Речь Либкнехта звучала неслыханно дерзко. Они начали колотить по пюпитрам, орать и топать.
— Изменник! К суду военного трибунала! Долой! Л он с той горячностью, которая от пребывания на фронте стала еще горячее, требовал прекратить ложь гнусных захватнических притязаний, прикрытых словами о защите отечества.
Домой Либкнехт вернулся измученный еще больше, чем на фронте, будто ему пришлось перетаскивать на себе бог знает какие тяжести.
Но эта тяжесть была по нему, соответствовала его душевным силам, и он готов был обрушить ее на противника, рассчитав направление удара.
Такой же крепкий удар Либкнехт намерен был нанести на очередном заседании рейхстага. Предстояло утверждение новых кредитов, и Либкнехт готов был вновь произнести свое «нет!». Оно, разумеется, не прозвучало бы столь оглушительно, как в первый раз, но свое дело должно было сделать. Тем более, что заседание фракции показало, что у него наконец появился союзник; депутат Отто Рюле тоже решил поднять руку против военных кредитов. А большая группа членов фракции, не осмелившаяся выступить открыто, предупредила, что покинет зал в ту минуту, когда начнут голосовать.

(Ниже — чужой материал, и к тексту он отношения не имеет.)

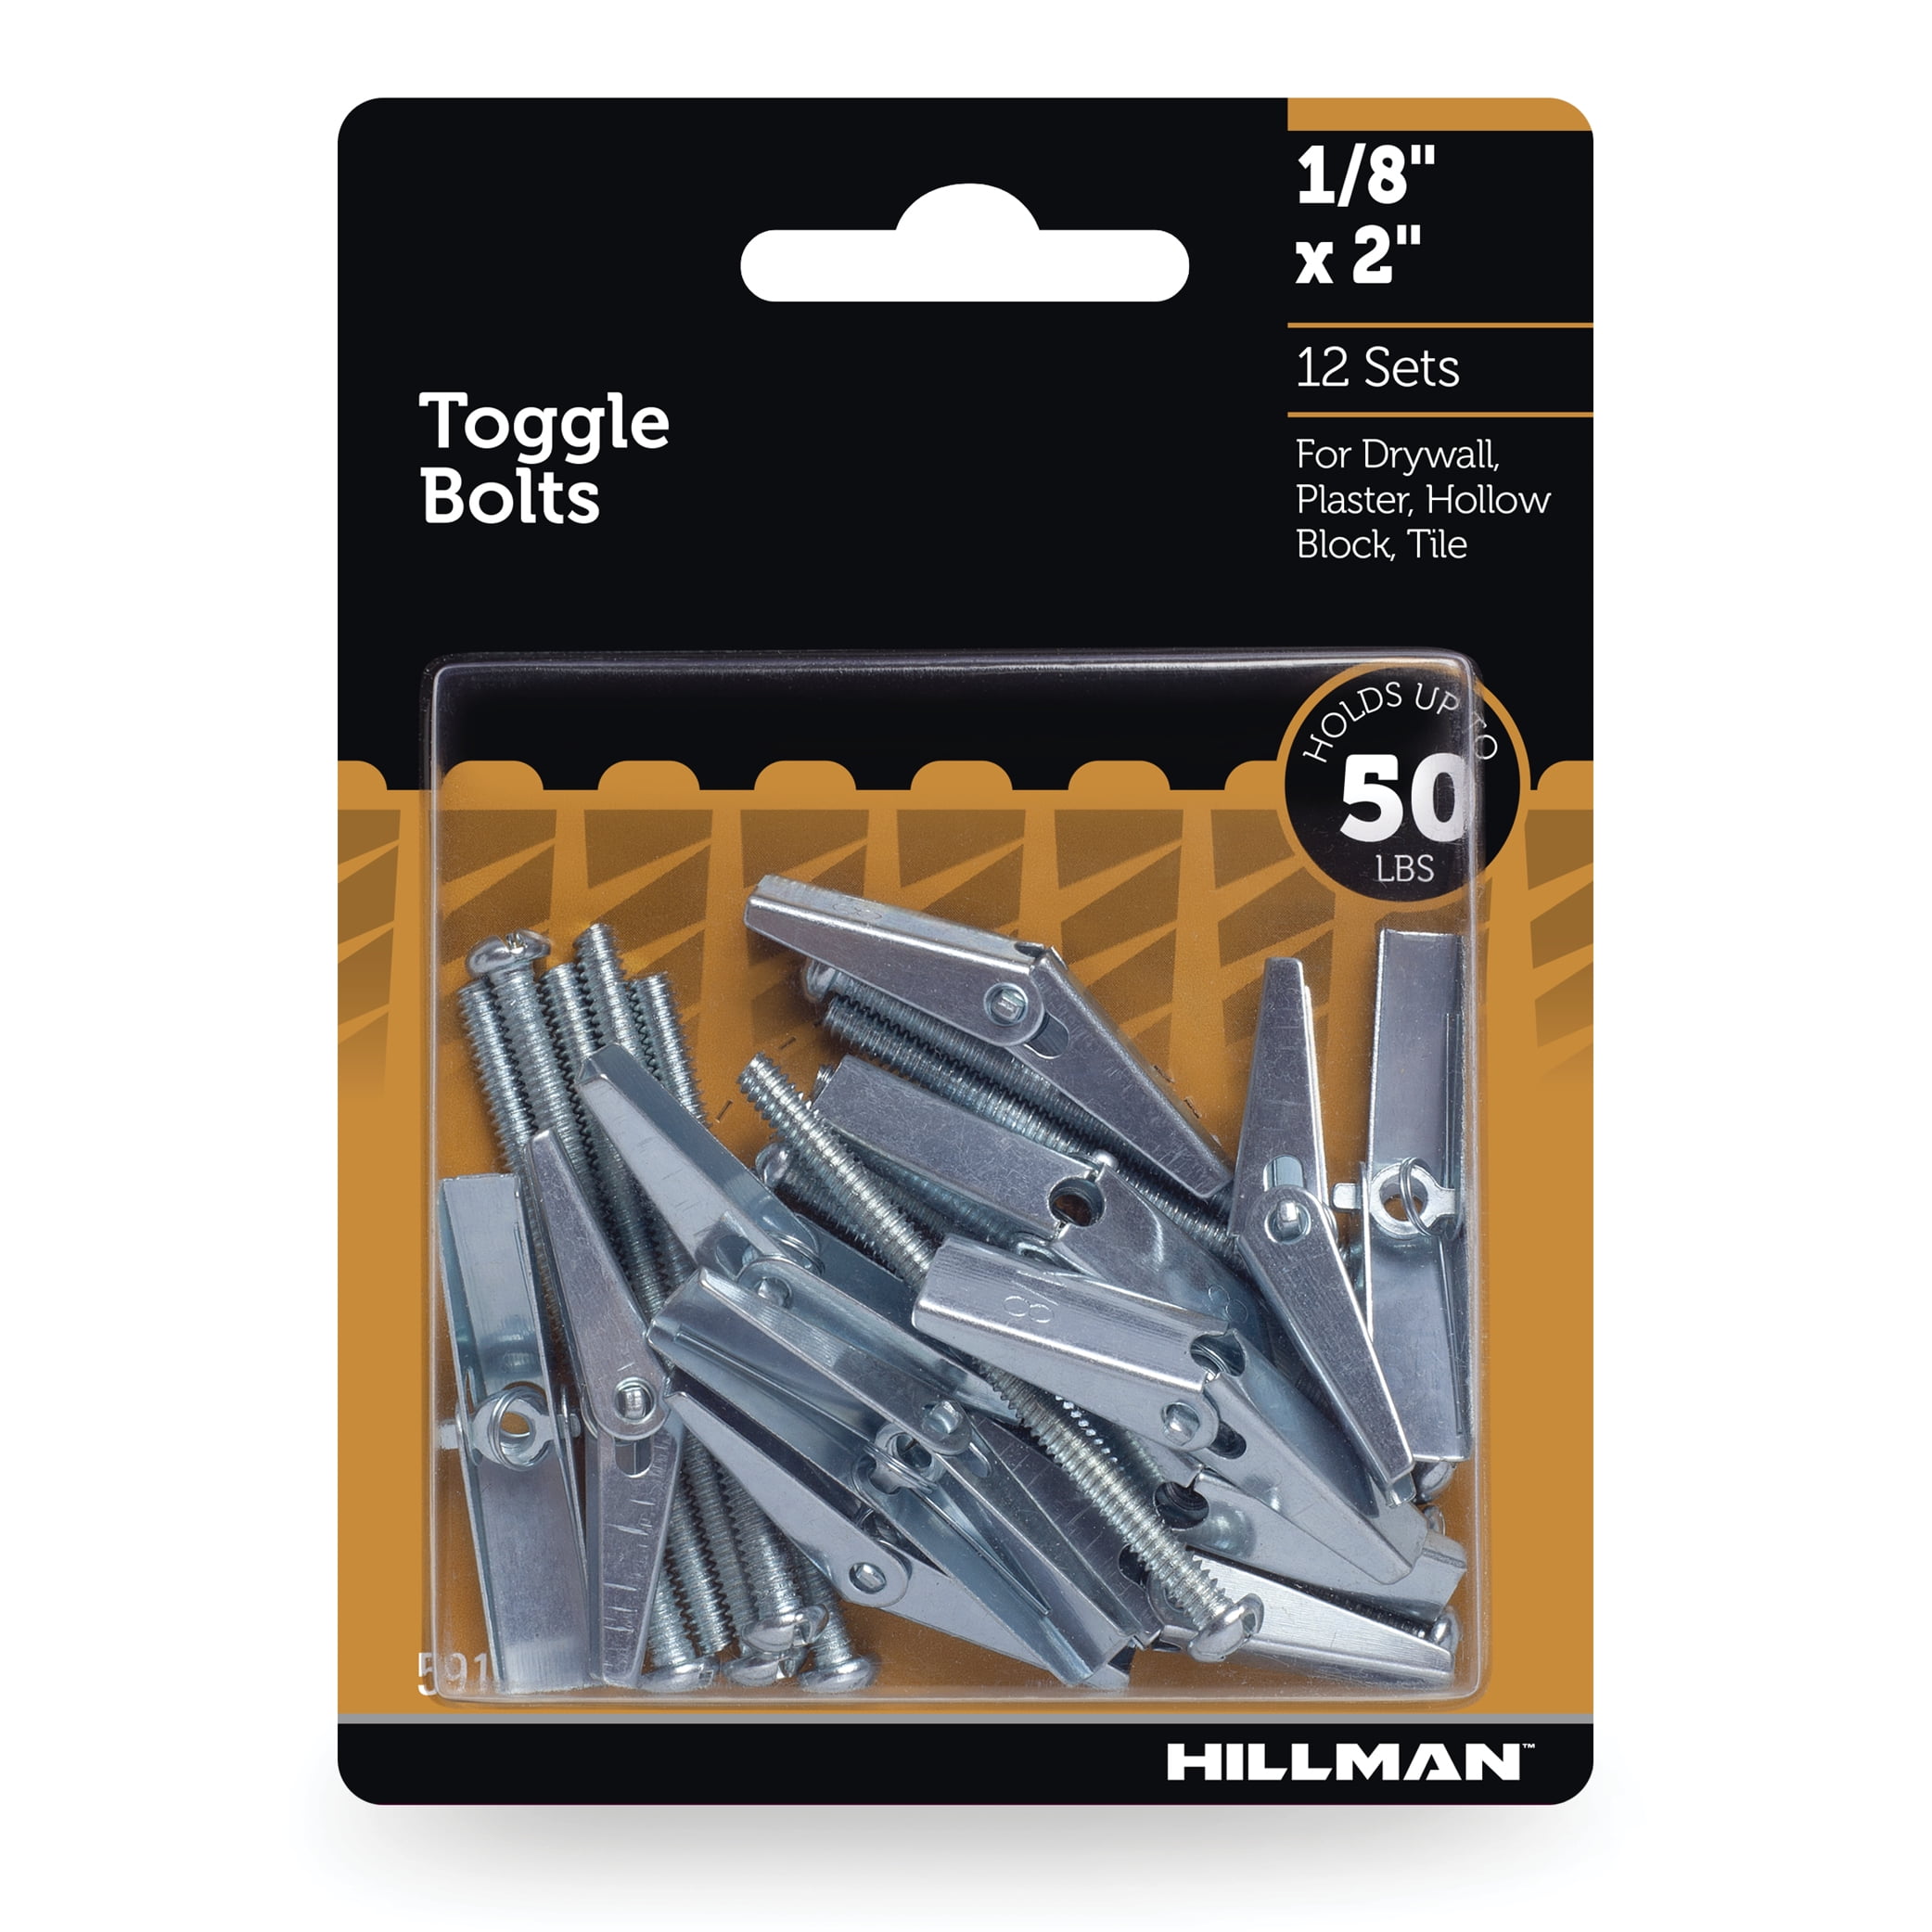 Hillman Toggle Bolts, 1/8" x 2", Zinc Plated, Steel, 50 lbs, 12 Sets
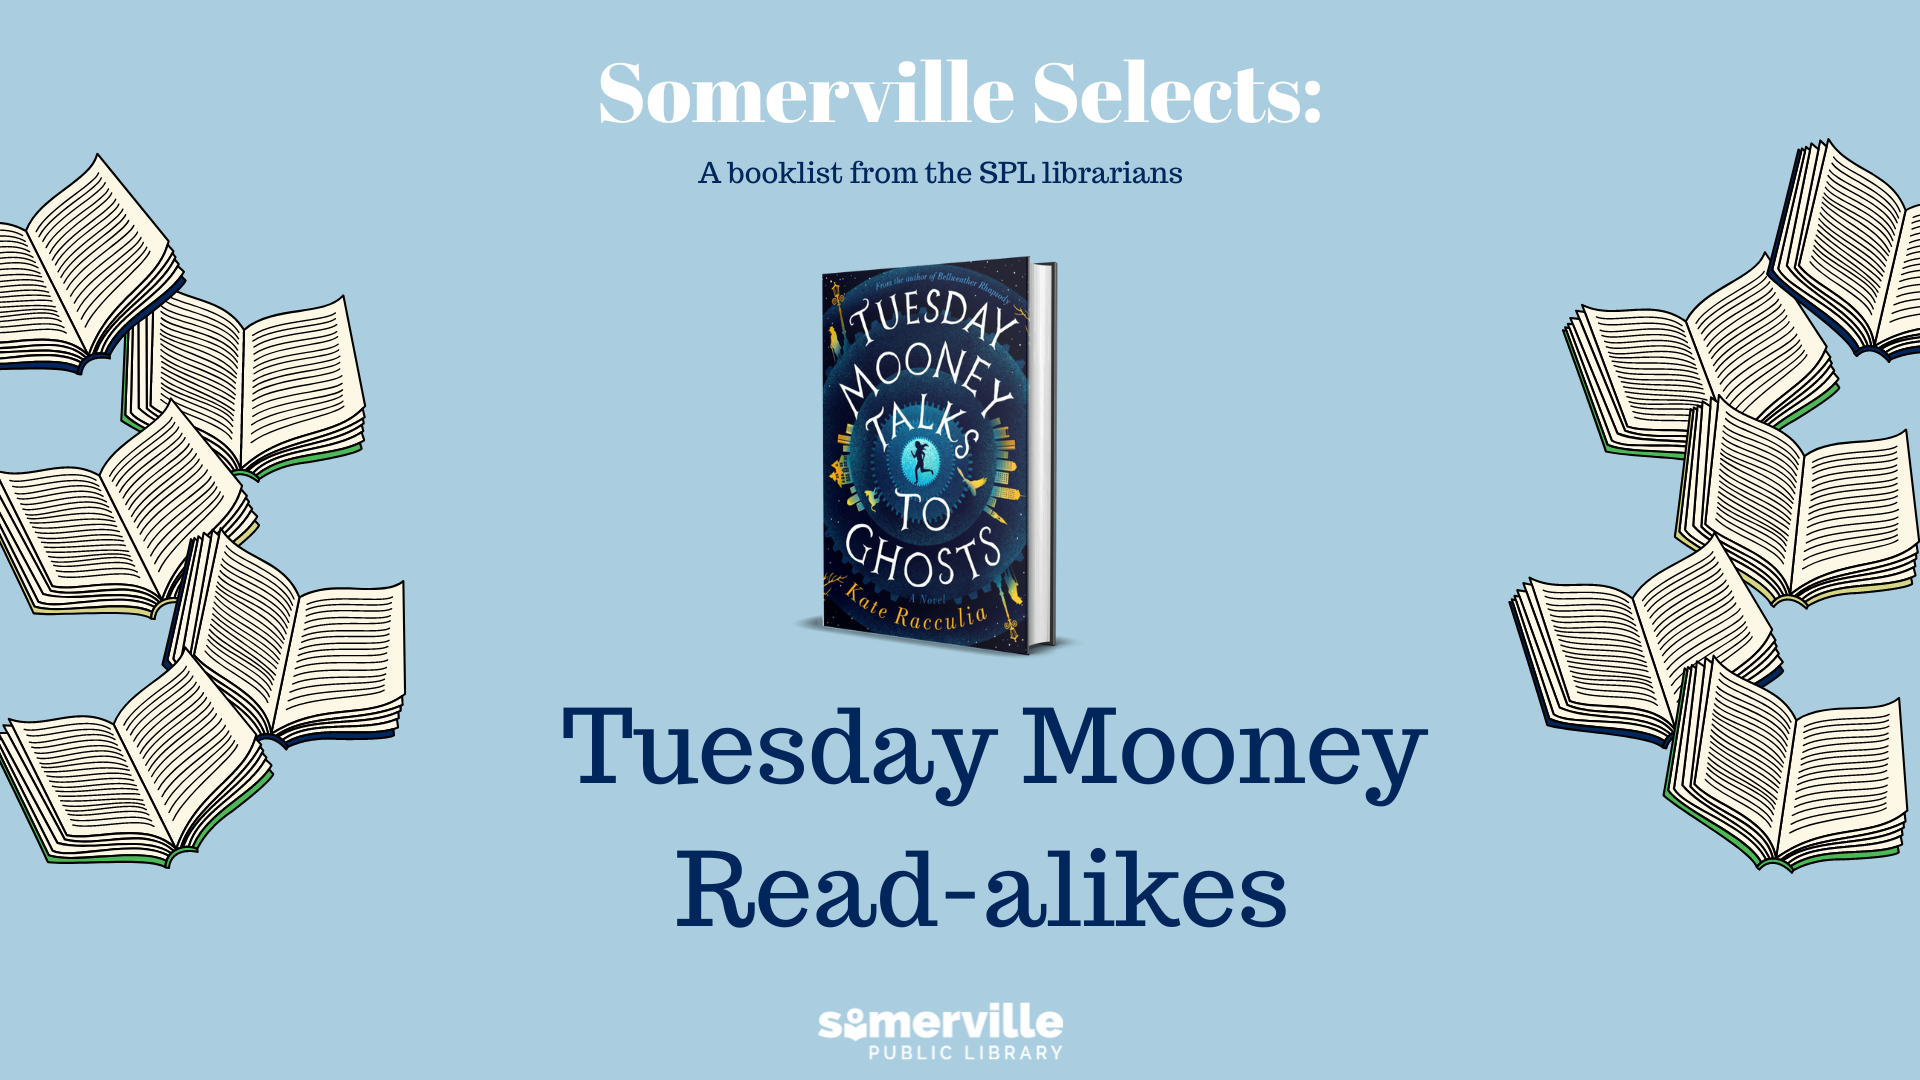 Tuesday Mooney Read-alikes

Фронт социал-демократов давал первые трещины. Во время той же сессии, на заседании фракции, депутат Гаазе выступил с едкой речью. Он даже не заикнулся о самообороне, о которой без конца твердили социалисты с начала войны. Да и уместно ли было говорить о ней, если немцы захватили столько чужих земель! Правительство и не думало возвращать эти земли обратно: наоборот, все чаще говорилось о праве пересмотреть прежние границы.
Крен Гаазе влево настораживал. В том, что Либкнехт громит руководство, ничего нового не было. По отношению к нему меры были уже приняты, поэтому его и держали подальше в окопах, и отпускали в Берлин в крайних случаях. Так молчаливо порешили и в имперском кабинете, и во фракции социал- демократов. Но Гаазе надо было деликатно прибрать к рукам.
Как и в начале войны, Шейдеман вовремя подсказал ход.
— Нужны лишь кое-какие уточнения в духе большинства, тогда ваше выступление можно будет принять за основу.
— Но в том-то и дело, что я вашей точки зрения не разделяю! — возразил Гаазе.
— Вы достаточно дисциплинированны, чтобы посчитаться с большинством. Ведь у нас коренных расхождений нет: крен, небольшой крен… Чуть-чуть выровнять. Мы просим вас внести исправления, вернее сказать, уточнения, и ваши мысли положим в основу платформы фракции.
— Постойте, постойте… — Гаазе тряхнул бородой и, вскочив, запальчиво произнес: — Я утверждаю, что цели, во имя которых Германия вступила в войну, достигнуты. Несмотря на это, борьба продолжается. Значит, одно из двух: либо появились новые цели, либо война никому но нужна и мы обязаны первыми протянуть руку мира.
— Не обманывайте себя, — сказал Либкнехт, иронически усмехнувшись. — Цели те же, что и вначале: захватнические, империалистические.
Шейдеман нетерпеливо помотал головой, как будто отгоняя муху; затем обернулся к Гаазе:
— Из того, что правительство не огласило декларации о целях воины, нельзя еще делать вывод, будто оно что-то скрывает. Стать на такой путь мы не можем, надо подождать.
— Сложа руки?!
— Готов уточнить, чтобы вам было спокойнее. И может быть, товарищу Либкнехту тоже будет легче проявить хоть каплю выдержки… — Он покосился небрежно на строптивого депутата и продолжал: — Не сложа руки, как вы говорите, а, наоборот, настойчиво требуя, чтобы цели войны были оглашены. Устраивает вас?
Гаазе шумно вздохнул:
— Вы мастер ставить вопросы с ног на голову, знаю!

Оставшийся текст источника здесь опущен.